Kranda fetched four weapons from the rack and handed one to Ellis. “The settings are here. Press this to kill, this to stun. On stun, the charge will render a sentient target comatose for up to a couple of hours.”

She passed the second, bulkier weapon to him. “A blaster. This is to take out buildings. The varnika will assess distance, power of charge required. Also, the varnika will increase the accuracy of your shots.”

She showed him where to attach the blaster to the exo-skeleton, down the left side of his torso. “The rifle affixes to your right arm, like this.” She slapped her own rifle to her right forearm. Filaments wormed from her varnika and secured the weapon.

Ellis held his own rifle to his right arm and watched as the exo-skeleton took possession. He moved his arm, feeling the weapon slip into his grip.

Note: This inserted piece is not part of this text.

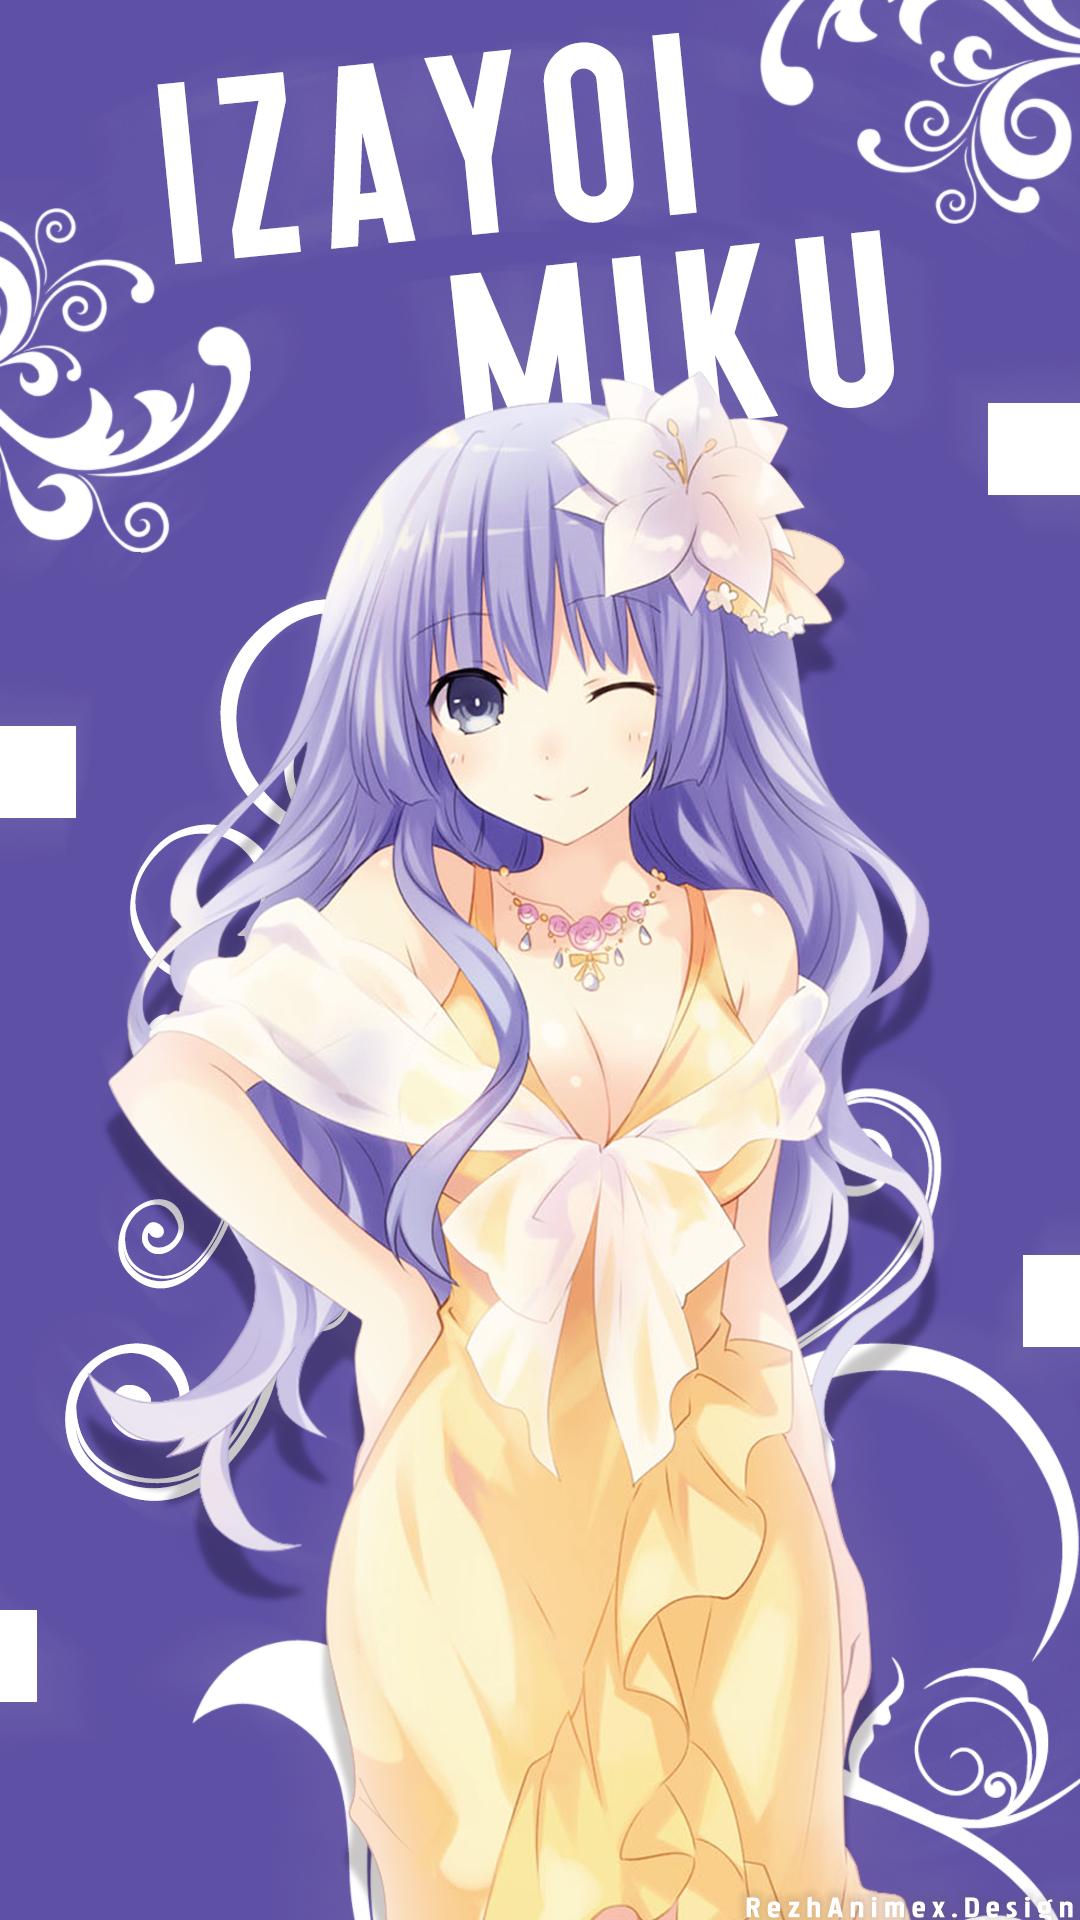 Izayoi Miku Wallpaper Android Ilustrasi Karakter Gadis Animasi Gambar Karakter

“Very well. We will go outside and you will test the exo-skeleton a little more, and the weapons. Then we will leave the flier here and head for Panjaluka. And don’t worry yourself about the cold. The varnika will thermostatically protect you from the ambient temperature.”

Ellis smiled. “That’s good to know. Wouldn’t want to freeze to death out there.”

He moved towards the hatch, and it came to him suddenly why he was here: to liberate Calla, and other Phandrans, from the Sporelli. For a split second, the idea seemed impossible.

Then he was out of the hatch and sprinting across the cindered clearing created by the flier, and the notion was no longer quite so fantastic. He stopped suddenly, in a whirlwind of ash, and turned. The flier, its tegument adapting to its background and phasing through a camouflage routine, was two hundred metres away: it shimmered one last time, then vanished. Only by scrutinising where he knew its outline to be did he make out the slight, shimmering demarcation – and that only with the enhanced vision provided by the exo-skeleton.

He turned and reached out, caught hold of a low branch and snapped it from the tree. He stood very still, staring at the branch in his right hand. It was as thick as his ankle, and he had broken it with no effort at all. He wondered why the act had felt so satisfying.